Смешно было бы налагать на потрепанную мебель иллюзию даже самого высокого класса. Когда-то это было ему по силам. Только удобства от таких преобразований не было. На старом диване все равно ощущались бы сломанные пружины, а потертый ковер не давал ногам тепла и мягкости, как бы привлекательно не выглядел.
– Потому, что час назад здесь ничего подобного не имелось. Было все необходимое, но качество явно отличалось от того, что я вижу сейчас, – терпеливо объяснила она, недовольно поджав губы. Недовольство можно было объяснить очень просто: Марьяна позавидовала. Она тоже бы хотела спать на мягкой кровати с воздушным балдахином, о котором мечтала в далеком детстве, читая книжки про загадочных принцесс. Она видела себя ступающей по мягкому ковру с длинным ворсом, в котором ступни буквально утопают. И к этой обстановке явно не доставало белого с позолотой стола в столовой, на котором стоят блюда с жареной говядиной, уткой с яблоками и хрустящими зелеными овощами. А не пресловутый отварной кролик с пареной репой. Кроликов периодически ловил Брин в соседних полях. А репу они за копейки покупали у одного из арендаторов.
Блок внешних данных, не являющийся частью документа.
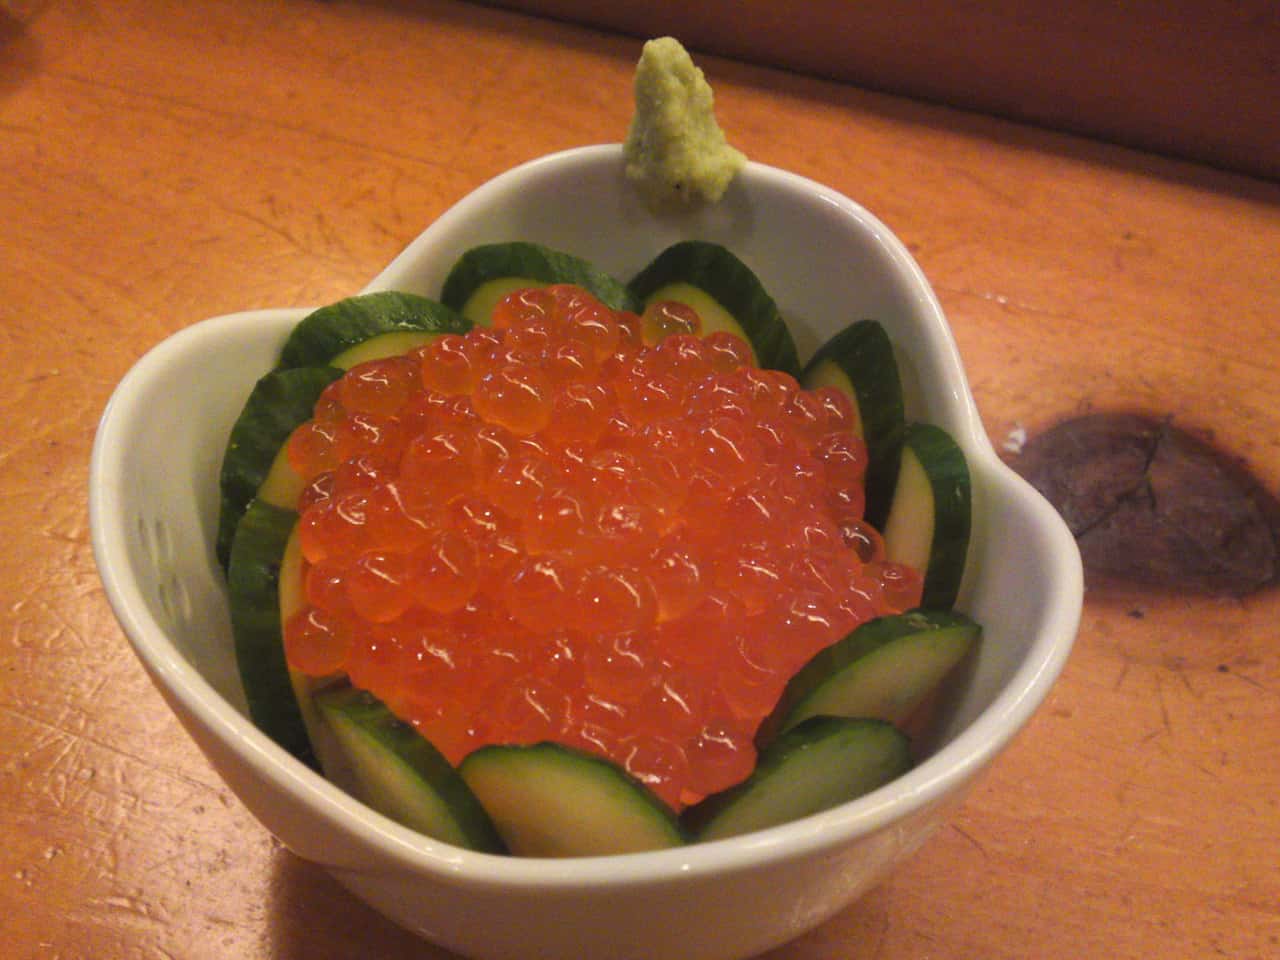 “Ikura/Salmon roe” ko donburi with sliced cucumber and grated fresh wasabi

– Просто дал распоряжение своему управляющему, чтобы он поместил мебель в пространственный карман, а я её уже оттуда забрал. По договору я подрядился у вас работать. Про мучения на продавленном матрасе там не слова не было, – хохотнул в кулак Алан, наблюдая здоровым глазом за тем, как краска медленно заливает ее лицо. Он попытался определить эмоции Марьяны, но так и не смог. Если судить по губам, сжатым в тонкую полосу, вряд ли их можно назвать радужными.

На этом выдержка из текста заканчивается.